Title Enter at your own risk: how enteroviruses navigate the dangerous world of pattern recognition receptor signaling.
Author Harris, Katharine G; Coyne, Carolyn B
Journal Cytokine Publication Year/Month 2013-Sep
PMID 23764548 PMCID PMC3987772
Affiliation 1.Department of Microbiology and Molecular Genetics, University of Pittsburgh School of Medicine, 427 Bridgeside Point II, 450 Technology Drive, Pittsburgh, PA 15219, USA. kgh9@pitt.edu.
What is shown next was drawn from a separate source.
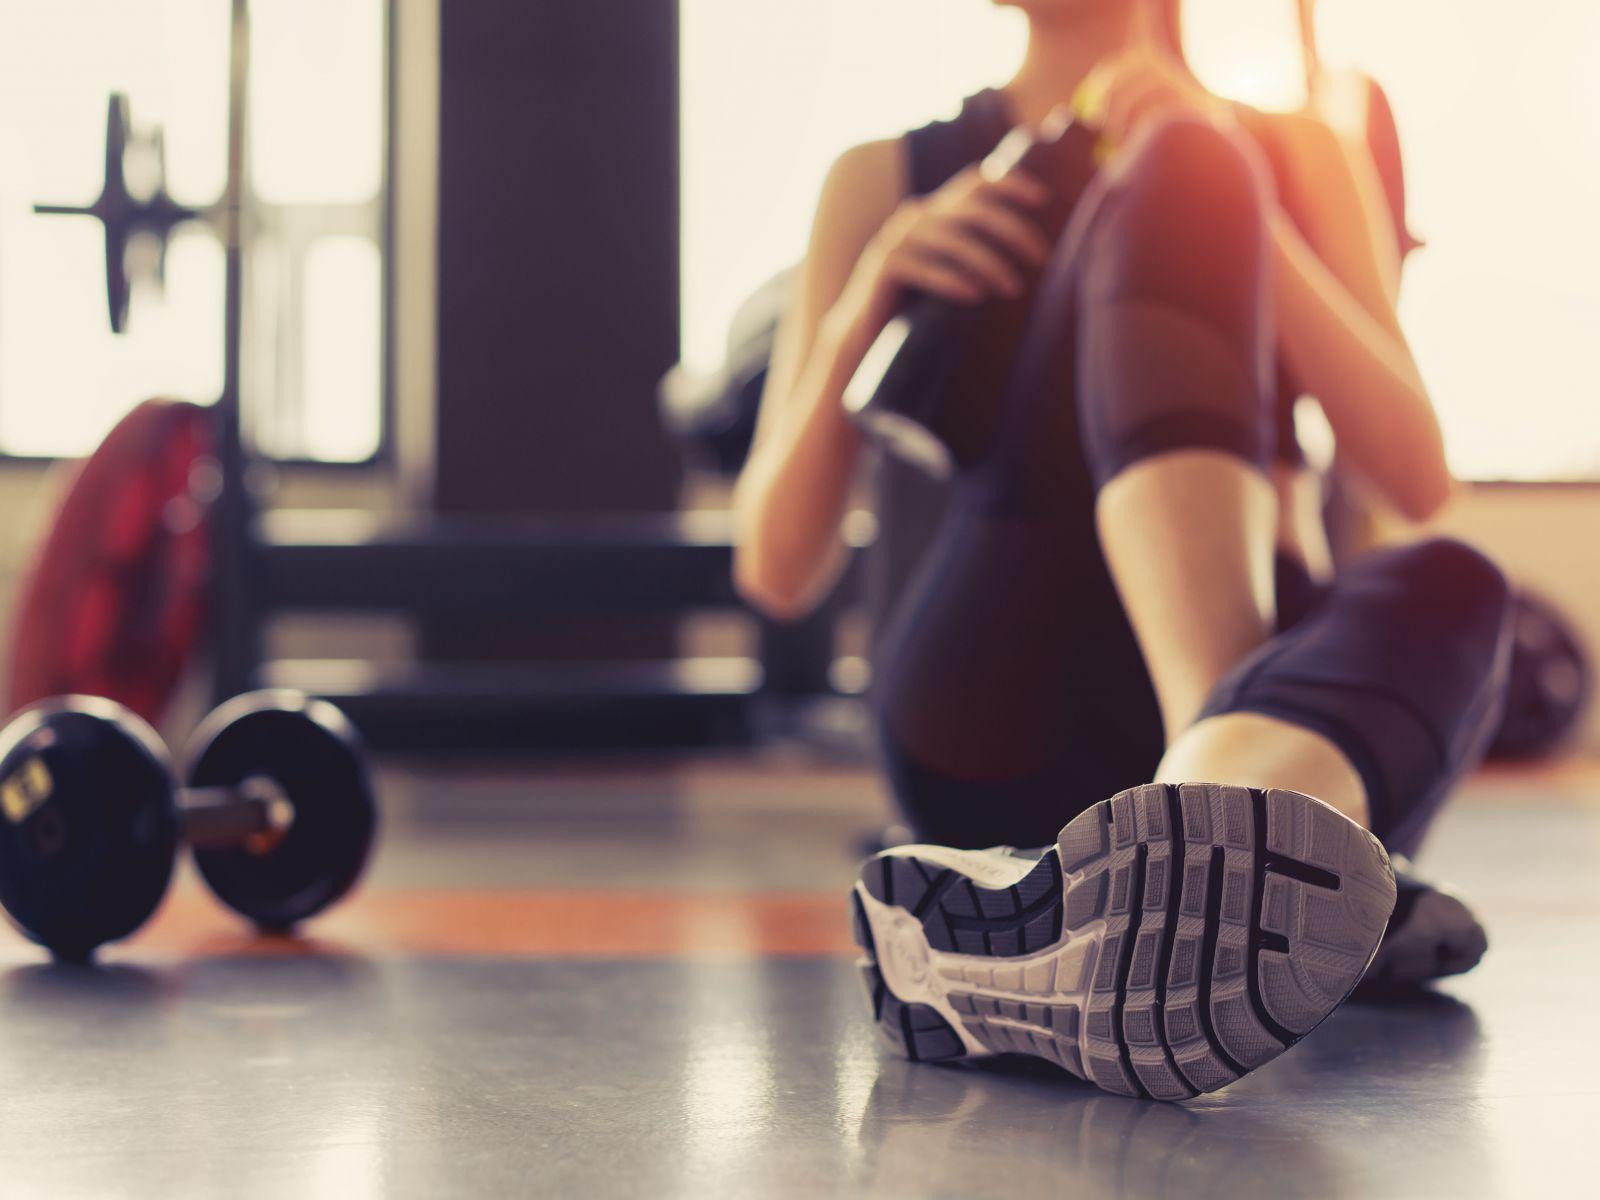 我們都需要能夠持續的簡單健身計畫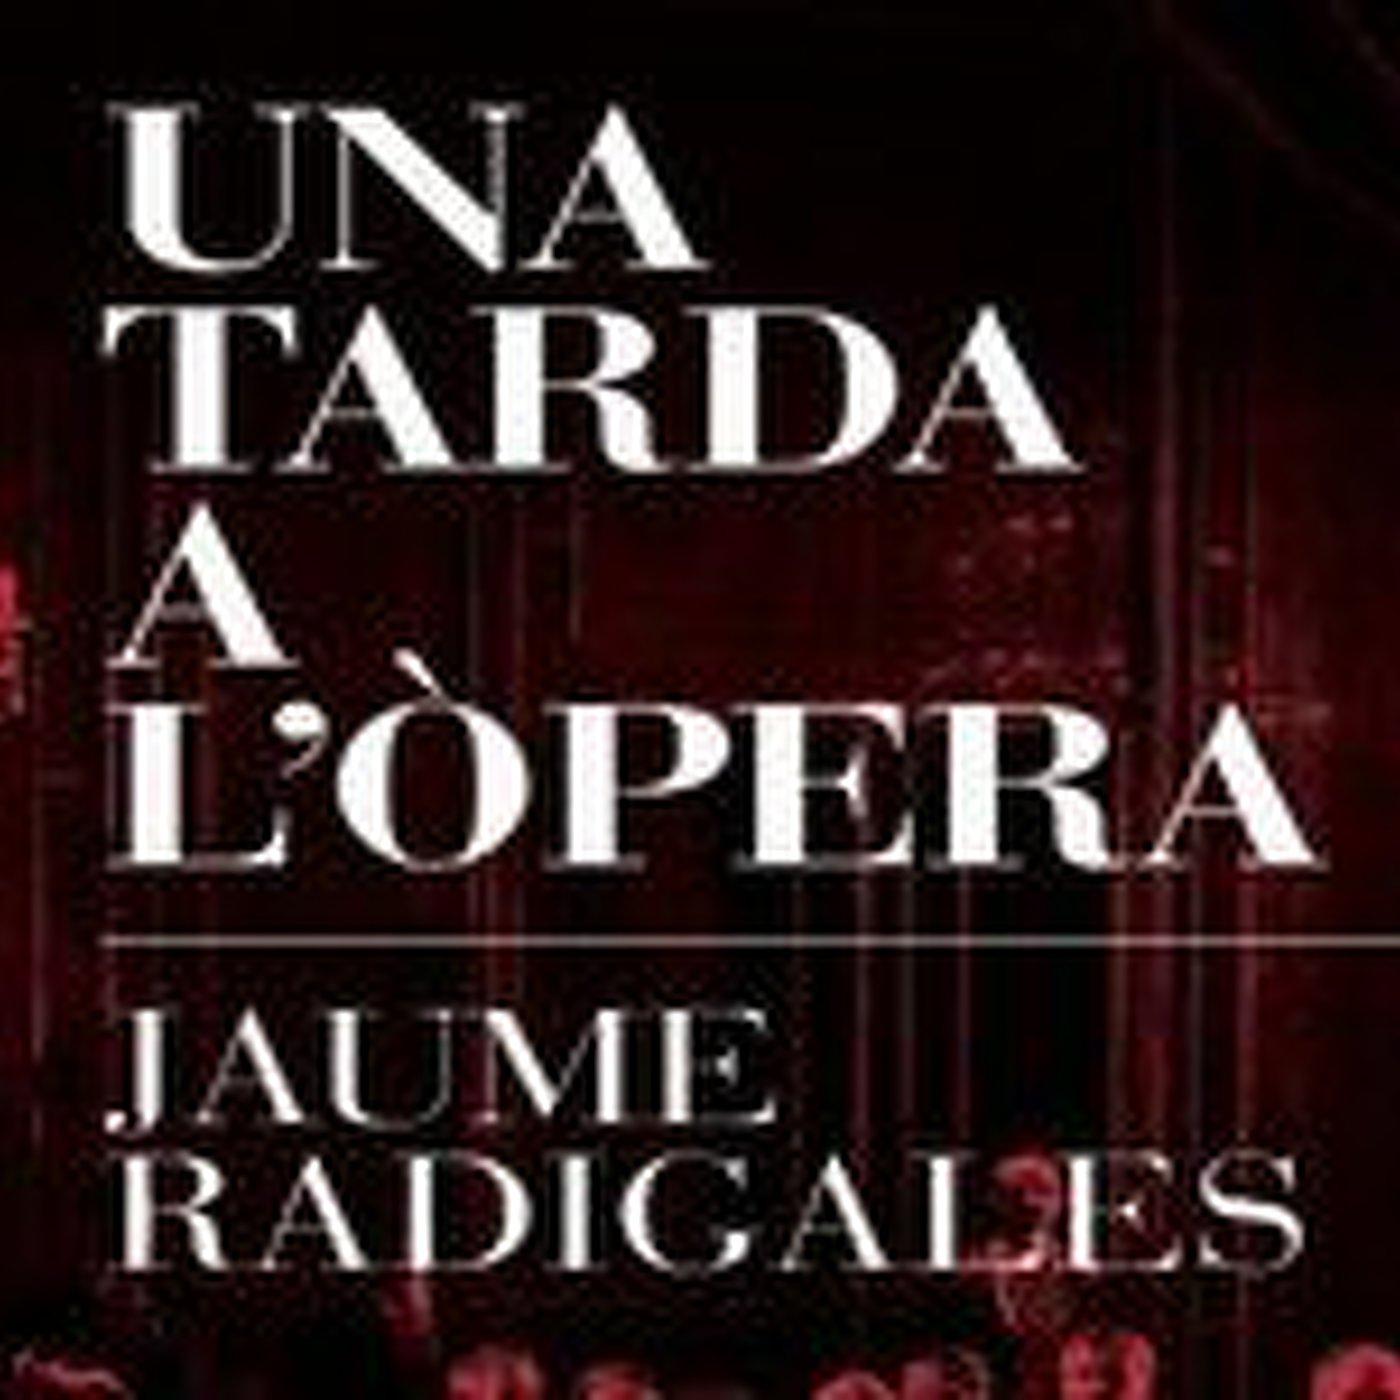 Jaume Radigales parla del llibre 'Una tarda a l'òpera'

Enteroviruses are the most common human viral pathogens worldwide. This genus of small, non-enveloped, single stranded RNA viruses includes coxsackievirus, rhinovirus, echovirus, and poliovirus species. Infection with these viruses can induce mild symptoms that resemble the common cold, but can also be associated with more severe syndromes such as poliomyelitis, neurological diseases including aseptic meningitis and encephalitis, myocarditis, and the onset of type I diabetes. In humans, polarized epithelial cells lining the respiratory and/or digestive tracts represent the initial sites of infection by enteroviruses. Control of infection in the host is initiated through the engagement of a variety of pattern recognition receptors (PRRs). PRRs act as the sentinels of the innate immune system and serve to alert the host to the presence of a viral invader. This review assembles the available data annotating the role of PRRs in the response to enteroviral infection as well as the myriad ways by which enteroviruses both interrupt and manipulate PRR signaling to enhance their own replication, thereby inducing human disease.